Several aspects of the constraint-based verification of floating-point programs remain, however, open problems, both from a theoretical and a practical perspective. As we showed throughout the paper, the filtering algorithms we presented are not optimal, i.e., they may not yield the tightest possible intervals containing all solutions to the constraint system. They must be interleaved with the filtering algorithms of [5], and they may require multiple passes before reaching the maximum degree of variable-domain pruning they are capable of. Therefore, the next possible advance in this direction would be conceiving optimal filtering algorithms, that reduce variable domains to intervals as tight as possible with a single application. This has been achieved in [21], but only for addition.

However, filtering algorithms only represent a significant, but to some extent limited, part of the constraint solving process. Indeed, even an optimally pruned interval may contain values that are not solutions to the constraint system, due to the possible non-linearity thereof. If the framework in use supports multi-intervals, this issue is dealt with by means of labeling techniques: when a constraint-solving process reaches quiescence, i.e., the application of filtering algorithms fails to prune variable domains any further, such intervals are split into two or more sub-intervals, and the process continues on each partition separately. In this context, the main issues are where to split intervals, and in how many parts. These issues are currently addressed with heuristic labeling strategies. Indeed, significant improvements to the constraint-propagation process could be achieved by investigating better labeling strategies.

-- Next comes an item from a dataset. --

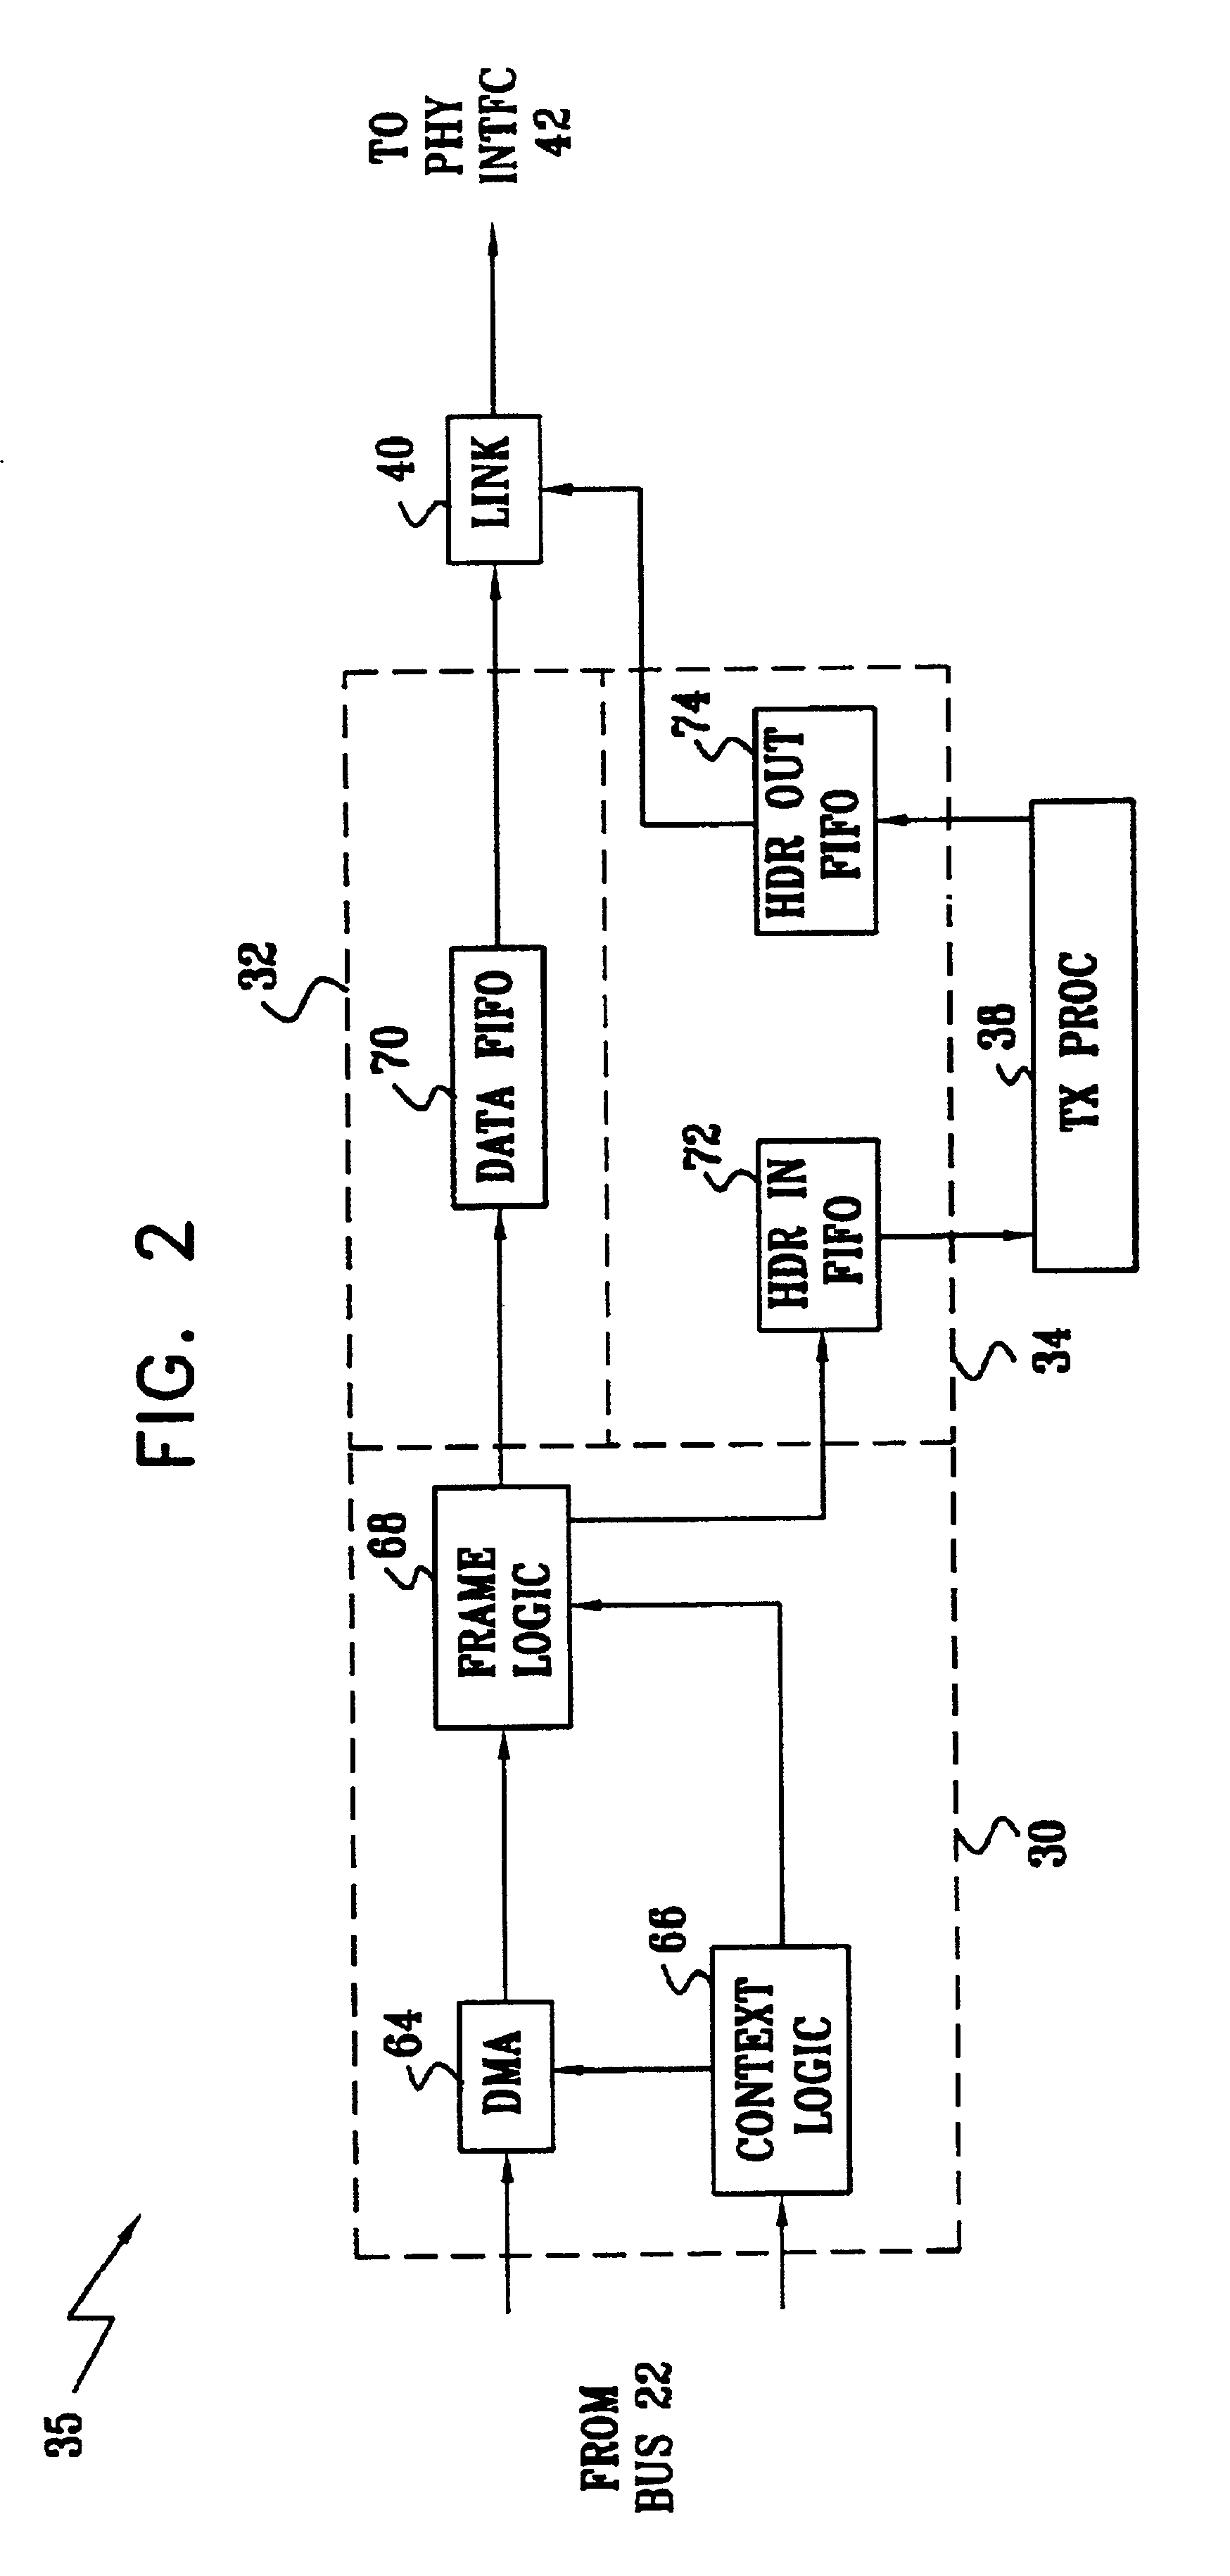 Network adapter with embedded deep packet processing

To this end, possible advancements would include the identification of objective criteria for the evaluation of labeling strategies on floating point-numbers, and the conception of labeling strategies tailored to the properties of constraint systems most commonly generated by numeric programs.

In conclusion, we believe the work presented in this paper can be an extensive reference for the readers interested in realizing applications for formal reasoning on floating-point computations, as well as a solid foundation for further improvements in the state of the art.